We have updated https://www.mediawiki.org/wiki/API_versioning, and the documentation of individual entry points is providing the supported content types, along with a CURL example line for sending the Accept header.

We should further see if we can more prominently link to https://www.mediawiki.org/wiki/API_versioning, and perhaps tweak swagger-ui to automatically provide even stronger encouragement to send the default content-type in Accept headers.

Next steps:

  • Normalize Accept headers in Varnish: Clamp to default value unless profile=https://www.mediawiki.org/wiki/Specs/ is supplied.
  • Send Vary: Accept on entry points that consider the Accept header.
  • Check & convert versions in specific end points. For Parsoid, we can either use Parsoid's upcoming HTML2HTML end point (T114413), or re-render content from scratch.
  • Store a stash of non-default composite responses, so that we can provide data-parsoid and data-mw consistent with the specific render, in the specific content-type.
  • Cache non-default type responses for less time than the stash TTL.

Change 281042 had a related patch set uploaded (by GWicke):
Normalize REST API Accept headers

https://gerrit.wikimedia.org/r/281042

Change 281042 merged by BBlack:
Normalize REST API Accept headers

https://gerrit.wikimedia.org/r/281042

Are there plans to support any kind of non-exact specification?

E.g. specifying ~1.2 or 1.2 to mean 1.2.*?

See P3094. We requested 1.2.0 and it's rejected since it only allows 1.2.1 or 2.0.0. (This particular issue is being addressed, I'm asking about the general scenario).

The general intention behind this versioning scheme is to avoid breaking clients.
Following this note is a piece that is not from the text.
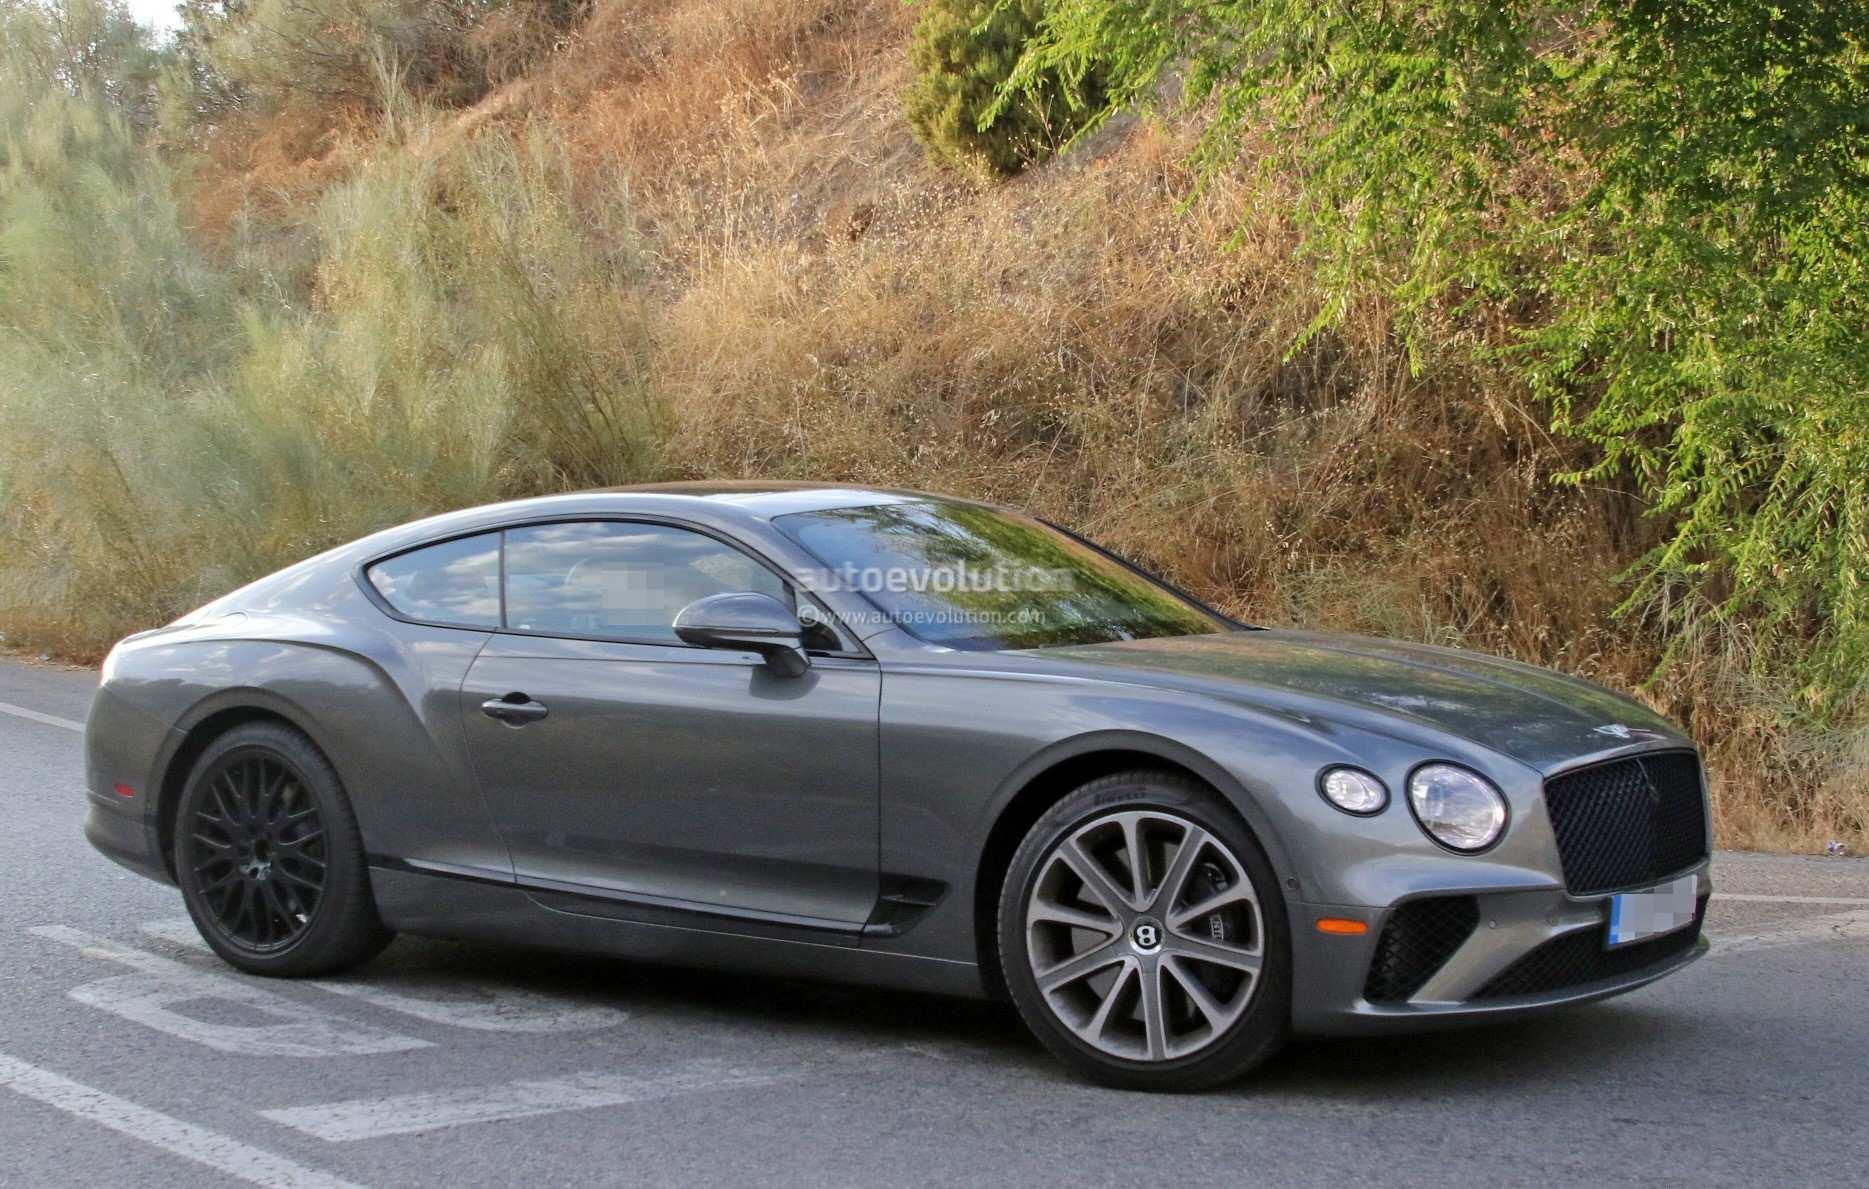 53 New 2019 Bentley History with 2019 Bentley

This means that the priority is clearly on breaking changes, and not on patch versions.

Following semver, I think we should basically ignore patch versions in external Accept headers. Minor versions are debatable, as they are still guaranteed to be backwards-compatible. A client requesting the older minor version is still expected to work when consuming a newer minor version.

This leaves us primarily with major versions, which is also the focus of the upcoming Parsoid format migration (1.2.1 to 2.0.0 in that case).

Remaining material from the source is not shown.